Topic models permit the extraction of sophisticated, interpretable text features that can be used in various ways to extract trading signals from large collections of documents. They speed up the review of documents, help identify and cluster similar documents, and can be annotated as a basis for predictive modeling. Applications include the identification of key themes in company disclosures or earnings call transcripts, customer reviews or contracts, annotated using, e.g., sentiment analysis or direct labeling with subsequent asset returns. More specifically, In this chapter, we will cover:
- What topic modeling achieves, why it matters and how it has evolved
- How Latent Semantic Indexing (LSI) reduces the dimensionality of the DTM
- How probabilistic Latent Semantic Analysis (pLSA) uses a generative model to extract topics
- How Latent Dirichlet Allocation (LDA) refines pLSA and why it is the most popular topic model
- How to visualize and evaluate topic modeling results
- How to implement LDA using sklearn and gensim
- How to apply topic modeling to collections of earnings calls and Yelp business reviews
Initial attempts by topic models to improve on the vector space model (developed in the mid-1970s) applied linear algebra to reduce the dimensionality of the document-term matrix. This approach is similar to the algorithm we discussed as principal component analysis in chapter 12 on unsupervised learning. While effective, it is difficult to evaluate the results of these models absent a benchmark model.
In response, probabilistic models emerged that assume an explicit document generation process and provide algorithms to reverse engineer this process and recover the underlying topics.
The below table highlights key milestones in the model evolution that we will address in more detail in the following sections.
Model | Year | Description |
---|---|---|
Latent Semantic Indexing (LSI) | 1988 | Capture semantic document-term relationship by reducing the dimensionality of the word space |
Probabilistic Latent Semantic Analysis (pLSA) | 1999 | Reverse-engineers a generative a process that assumes words generate a topic and documents as a mix of topics |
Latent Dirichlet Allocation (LDA) | 2003 | Adds a generative process for documents: three-level hierarchical, Bayesian model |
Latent Semantic Analysis set out to improve the results of queries that omitted relevant documents containing synonyms of query terms. Its aimed to model the relationships between documents and terms to be able to predict that a term should be associated with a document, even though, because of variability in word use, no such association was observed.

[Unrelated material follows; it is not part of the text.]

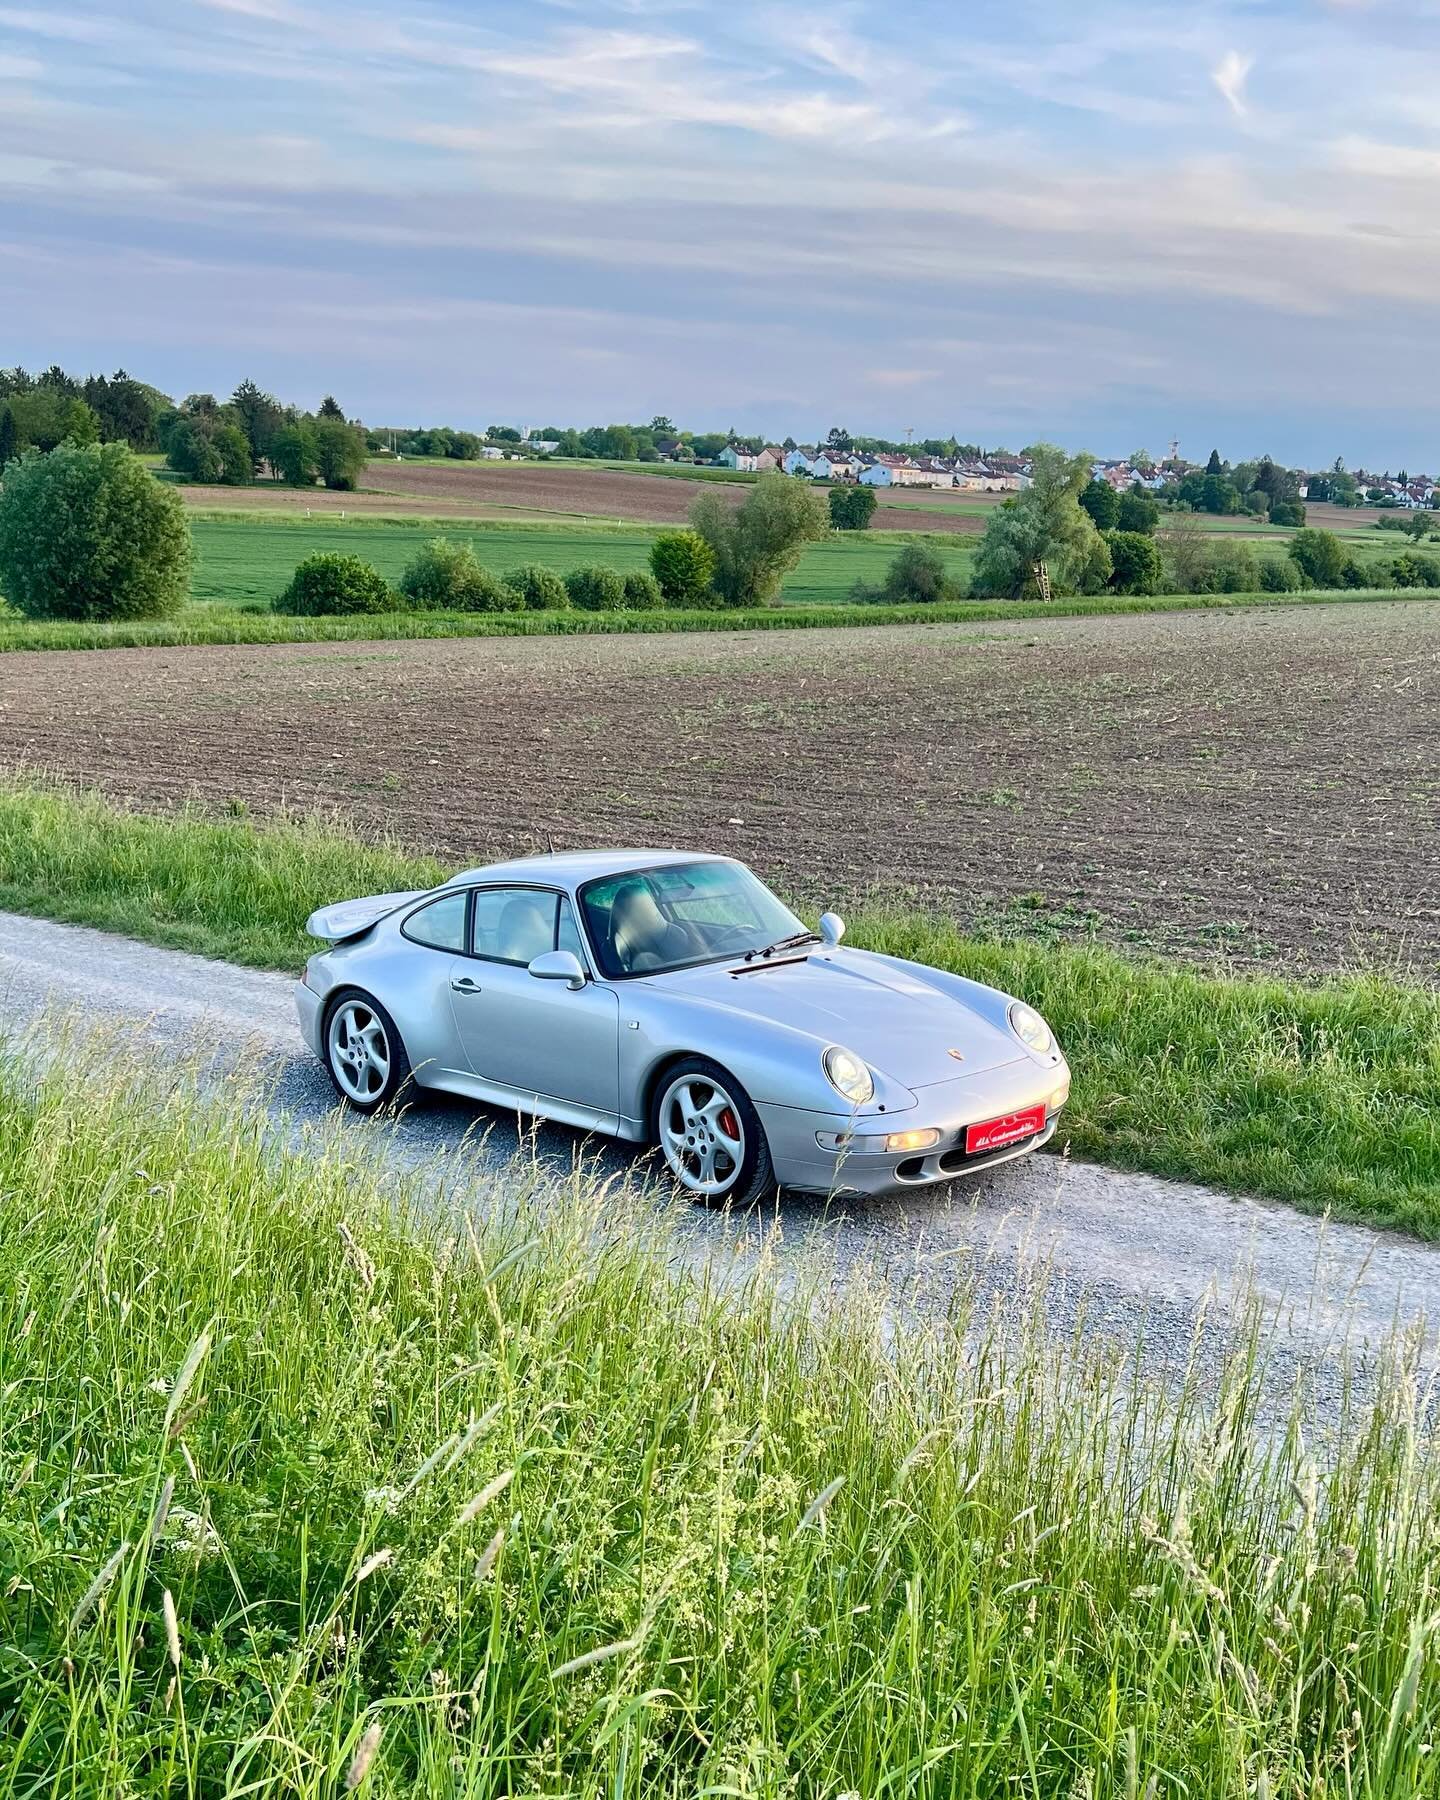 Porsche 993 Turbo WLS2, arctic silver metallic| leather black, first delivered to D&uuml;sseldorf/ Germany in April 1998, free of accidents, complete service book, in original condition, no sunroof...&thinsp;
&thinsp;
This Turbo not only looks incred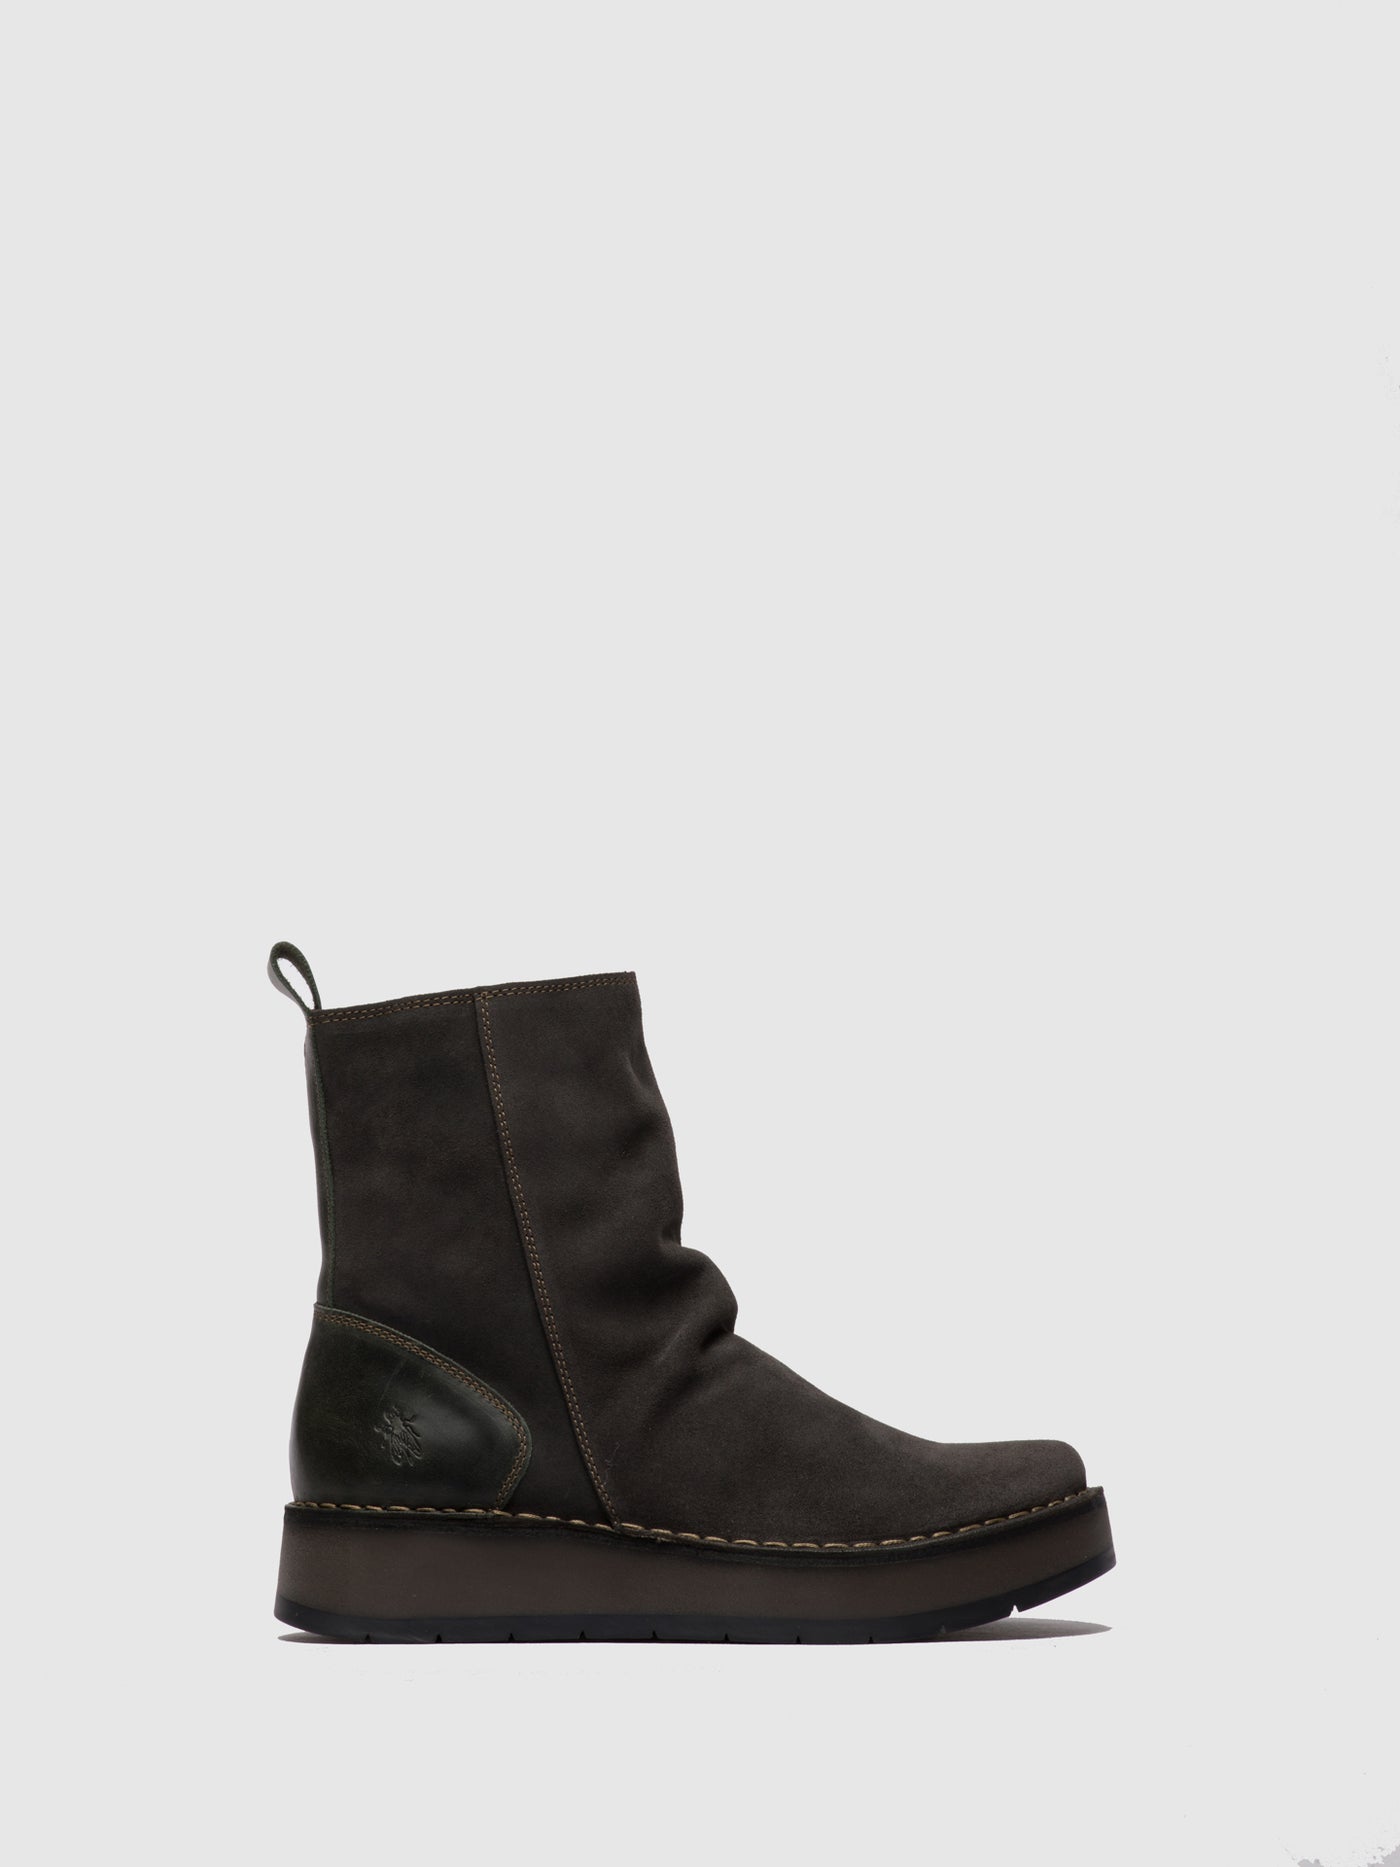 Zip Up Ankle Boots RENO053FLY OILSUEDE/RUG DIESEL

LSI uses linear algebra to find a given number k of latent topics by decomposing the DTM. More specifically, it uses the Singular Value Decomposition (SVD) to find the best lower-rank DTM approximation using k singular values & vectors. In other words, LSI is an application of the unsupervised learning techniques of dimensionality reduction we encountered in chapter 12 (with some additional detail). The authors experimented with hierarchical clustering but found it too restrictive to explicitly model the document-topic and topic-term relationships or capture associations of documents or terms with several topics.
The notebook latent_semantic_indexing demonstrates how to apply LSI to the BBC new articles we used in the last chapter.
Probabilistic Latent Semantic Analysis (pLSA) takes a statistical perspective on LSA and creates a generative model to address the lack of theoretical underpinnings of LSA.
pLSA explicitly models the probability each co-occurrence of documents d and words w described by the DTM as a mixture of conditionally independent multinomial distributions that involve topics t. The number of topics is a hyperparameter chosen prior to training and is not learned from the data.
The notebook probabilistic_latent_analysis demonstrates how to apply LSI to the BBC new articles we used in the last chapter.
- Relation between PLSA and NMF and Implications, Gaussier, Goutte, 2005
Latent Dirichlet Allocation extends pLSA by adding a generative process for topics. It is the most popular topic model because it tends to produce meaningful topics that humans, can relate to, can assign topics to new documents, and is extensible. Variants of LDA models can include metadata like authors, or include image data, or learn hierarchical topics.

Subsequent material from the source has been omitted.